Why is it the mother-in-law jokes are almost their own genre?

"Doctor," he said sadly, "I'm afraid I'm going to have to ask you to cut off my dog's tail." The vet stepped back, "Bert, why should I do such a terrible thing?" "Because my mother-in-law's arriving tomorrow, and I don't want anything to make her think she's welcome." 


Do you have a moped you're looking to trade? Well, you're in luck, because this person will exchange it straight up for...

50 totally awesome unwrapped adult movie DVDs.

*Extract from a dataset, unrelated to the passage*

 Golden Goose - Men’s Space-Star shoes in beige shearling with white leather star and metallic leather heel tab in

Don't worry, the link is work safe. He or she also will accept game systems or televisions, among other things. 

Lost and Found

In this week's lost and found:

If you want your pet to be immortalized in a drawing

Check this person out.

Speaking of pets, OMG!

Custom Built Cat Furniture 

Able to smile?

Female Model Needed

Need a female to pose as my girlfriend in 1 picture with my arm around you. Must be very attractive and able to smile.

I'm assuming this is sarcastic.

To the band that plays from 2nd story of a house (S. Clinton St.)

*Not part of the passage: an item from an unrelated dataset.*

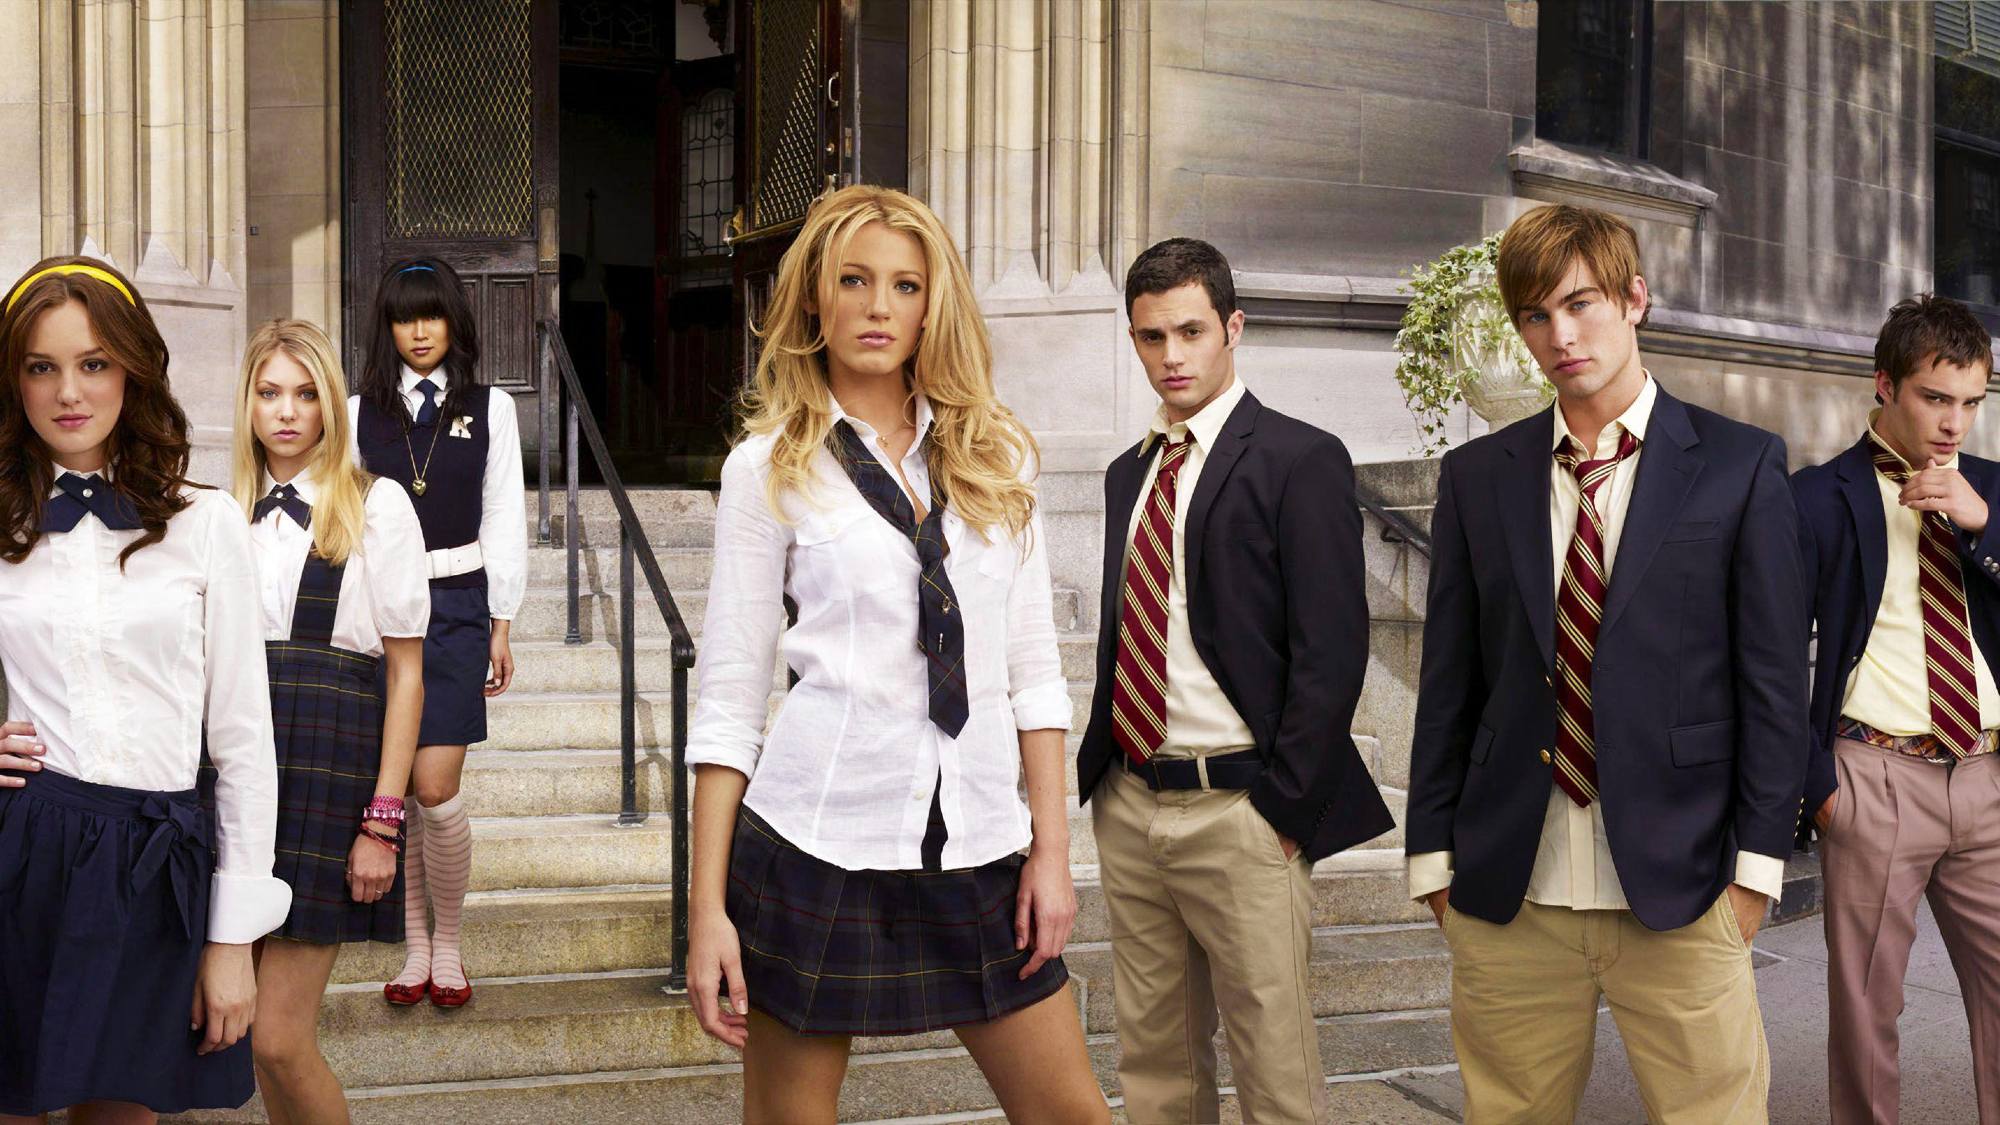 (L to R) Leighton Meester as Blair, Blake Lively as Serena, Penn Badgley as Dan, Chase Crawford as Nate and Ed Westwick as Chuck in art for Gossip Girl

Is there any way you guys could turn it up? Cuz you guys ROCK! 

I am seriously tempted by this stein. If I buy it I'm pretty sure I'm never drinking out of anything else.

Collectors! Terminator 2 3-D stein

From the category of Jobs I Have Never Heard Of Before:

Head Lice Removal Specialist (Iowa City and surrounding areas)

Lice KnowingYou, Inc. is looking for a head lice removal specialist/s to join our growing family. This is a mobile position and the person/s hired will be doing in-home head lice treatment and removal as well as conducting head lice checks and other duties reasonably required for this job including, but not limited to marketing and educational presentations. Applicants must have an outgoing personality and the ability to interact with often very stressed out people.